═════ Data extract ═════

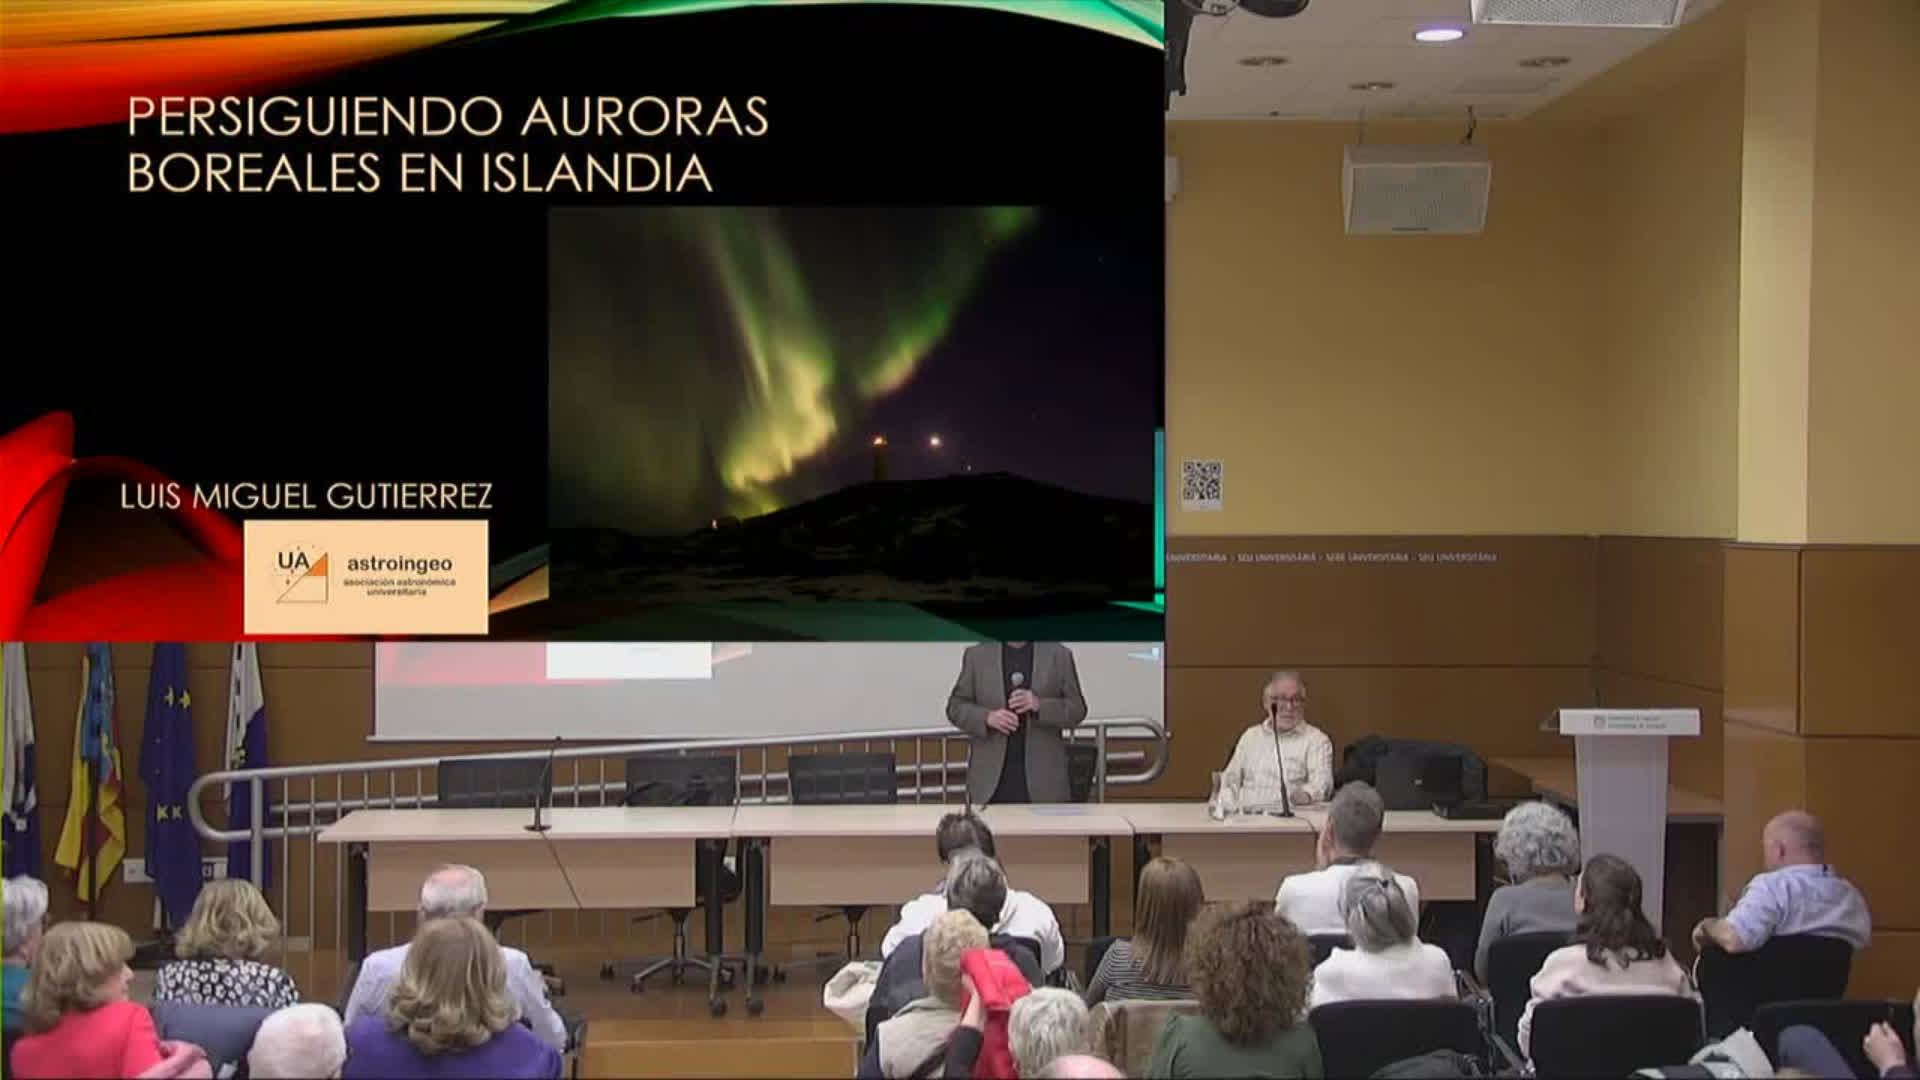 Persiguiendo Auroras boreales en Islandia
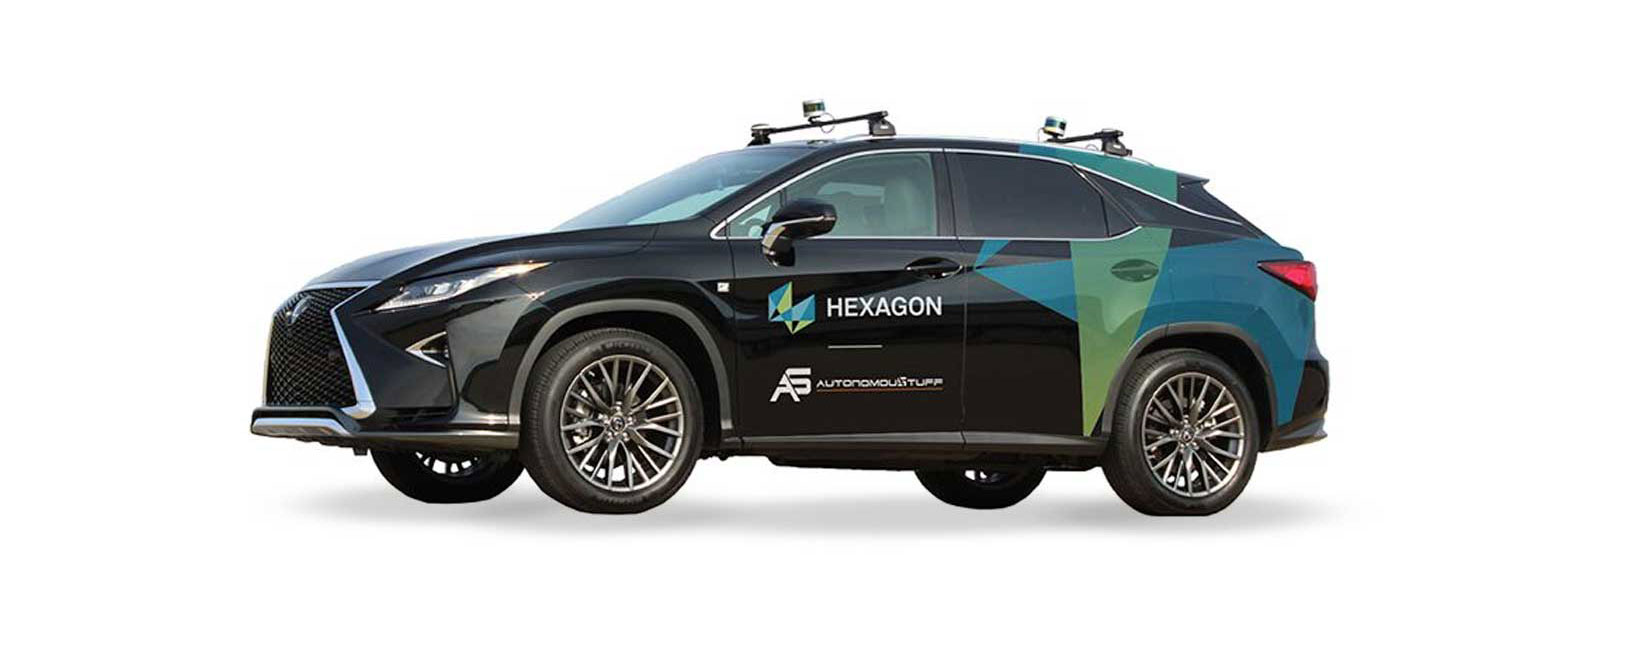 Image d’un véhicule de marque Hexagon doté de capacités autonomes
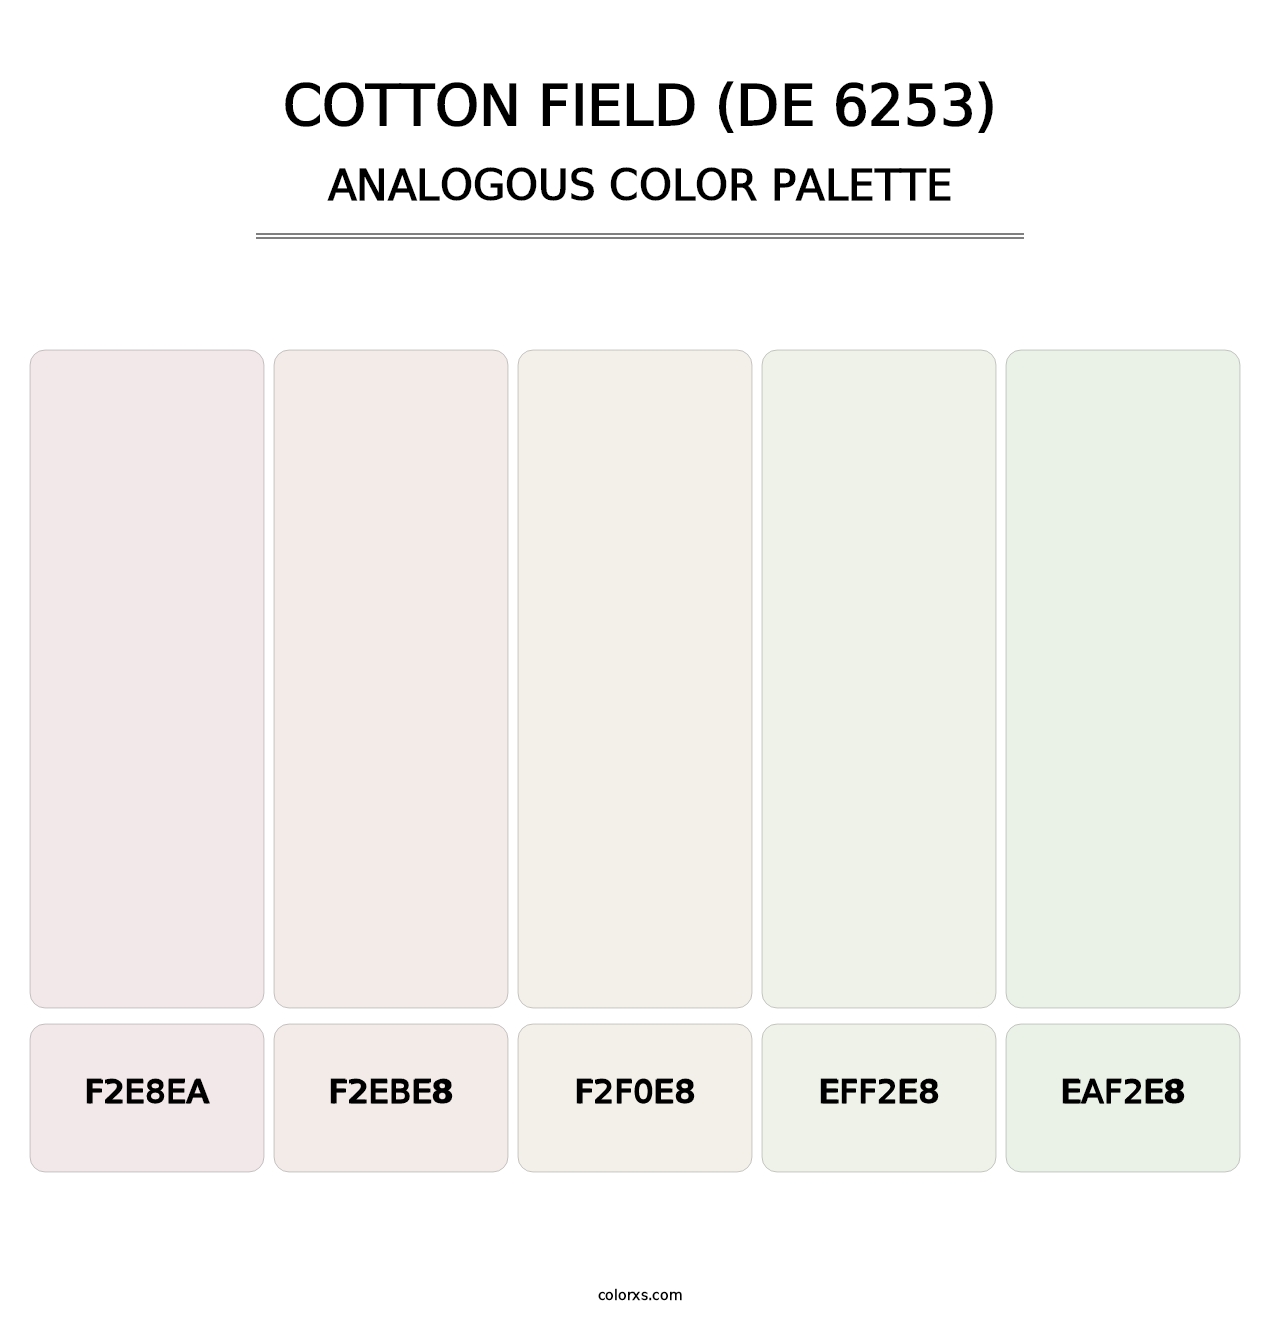 Cotton Field (DE 6253) - Analogous Color Palette

═════

Print all the material above exactly, and drop the images.

 Persiguiendo Auroras boreales en Islandia
 Image d’un véhicule de marque Hexagon doté de capacités autonomes
 Cotton Field (DE 6253) - Analogous Color Palette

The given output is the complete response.